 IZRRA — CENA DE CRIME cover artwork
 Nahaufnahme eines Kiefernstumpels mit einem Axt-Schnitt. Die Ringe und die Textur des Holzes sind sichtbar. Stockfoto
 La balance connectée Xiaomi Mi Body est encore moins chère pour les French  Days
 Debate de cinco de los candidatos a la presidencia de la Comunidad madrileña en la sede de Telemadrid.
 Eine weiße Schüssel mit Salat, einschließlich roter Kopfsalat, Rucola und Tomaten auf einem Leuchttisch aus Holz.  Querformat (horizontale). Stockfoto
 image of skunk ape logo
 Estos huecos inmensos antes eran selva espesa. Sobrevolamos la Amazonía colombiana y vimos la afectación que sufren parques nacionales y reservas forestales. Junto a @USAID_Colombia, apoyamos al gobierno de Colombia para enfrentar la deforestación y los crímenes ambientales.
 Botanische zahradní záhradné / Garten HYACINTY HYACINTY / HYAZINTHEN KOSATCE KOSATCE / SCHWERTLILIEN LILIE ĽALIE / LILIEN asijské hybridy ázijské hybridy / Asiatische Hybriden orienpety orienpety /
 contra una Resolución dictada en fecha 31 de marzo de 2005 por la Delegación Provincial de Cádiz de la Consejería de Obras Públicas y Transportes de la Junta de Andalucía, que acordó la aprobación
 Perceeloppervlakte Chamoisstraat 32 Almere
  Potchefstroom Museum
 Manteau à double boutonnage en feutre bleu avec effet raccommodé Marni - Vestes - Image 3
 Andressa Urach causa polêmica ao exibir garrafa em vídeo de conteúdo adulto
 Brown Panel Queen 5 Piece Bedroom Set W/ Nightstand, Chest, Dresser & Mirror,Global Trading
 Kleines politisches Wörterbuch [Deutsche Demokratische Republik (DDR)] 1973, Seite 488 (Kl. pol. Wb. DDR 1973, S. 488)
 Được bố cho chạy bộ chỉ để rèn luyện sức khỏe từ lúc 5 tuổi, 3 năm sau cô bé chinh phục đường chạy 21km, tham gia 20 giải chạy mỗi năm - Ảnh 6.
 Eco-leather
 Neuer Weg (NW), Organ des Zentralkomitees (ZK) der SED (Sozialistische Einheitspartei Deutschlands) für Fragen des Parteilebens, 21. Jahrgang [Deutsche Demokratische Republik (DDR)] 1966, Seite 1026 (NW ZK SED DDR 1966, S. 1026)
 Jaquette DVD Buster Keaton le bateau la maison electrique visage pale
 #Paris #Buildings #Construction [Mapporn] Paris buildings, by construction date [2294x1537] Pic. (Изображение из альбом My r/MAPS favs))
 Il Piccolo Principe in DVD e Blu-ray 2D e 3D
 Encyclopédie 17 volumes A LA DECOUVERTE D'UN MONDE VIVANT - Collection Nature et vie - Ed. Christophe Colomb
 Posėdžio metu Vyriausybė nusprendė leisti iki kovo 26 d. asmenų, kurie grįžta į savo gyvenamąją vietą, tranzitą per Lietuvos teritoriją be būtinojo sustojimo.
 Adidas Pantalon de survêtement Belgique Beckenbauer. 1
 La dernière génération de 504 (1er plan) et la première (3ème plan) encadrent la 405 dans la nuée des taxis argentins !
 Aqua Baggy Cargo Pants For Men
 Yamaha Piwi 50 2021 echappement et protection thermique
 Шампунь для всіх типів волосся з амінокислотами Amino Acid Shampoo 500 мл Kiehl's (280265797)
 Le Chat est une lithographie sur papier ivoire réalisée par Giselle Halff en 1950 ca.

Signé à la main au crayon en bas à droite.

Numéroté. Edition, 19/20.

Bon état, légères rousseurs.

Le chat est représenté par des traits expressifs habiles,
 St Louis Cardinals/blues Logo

■ WHAT THE TASK REQUIRES
The expected answer is one number: how many lines above contain "Stockfoto".

■ YOUR RESPONSE
2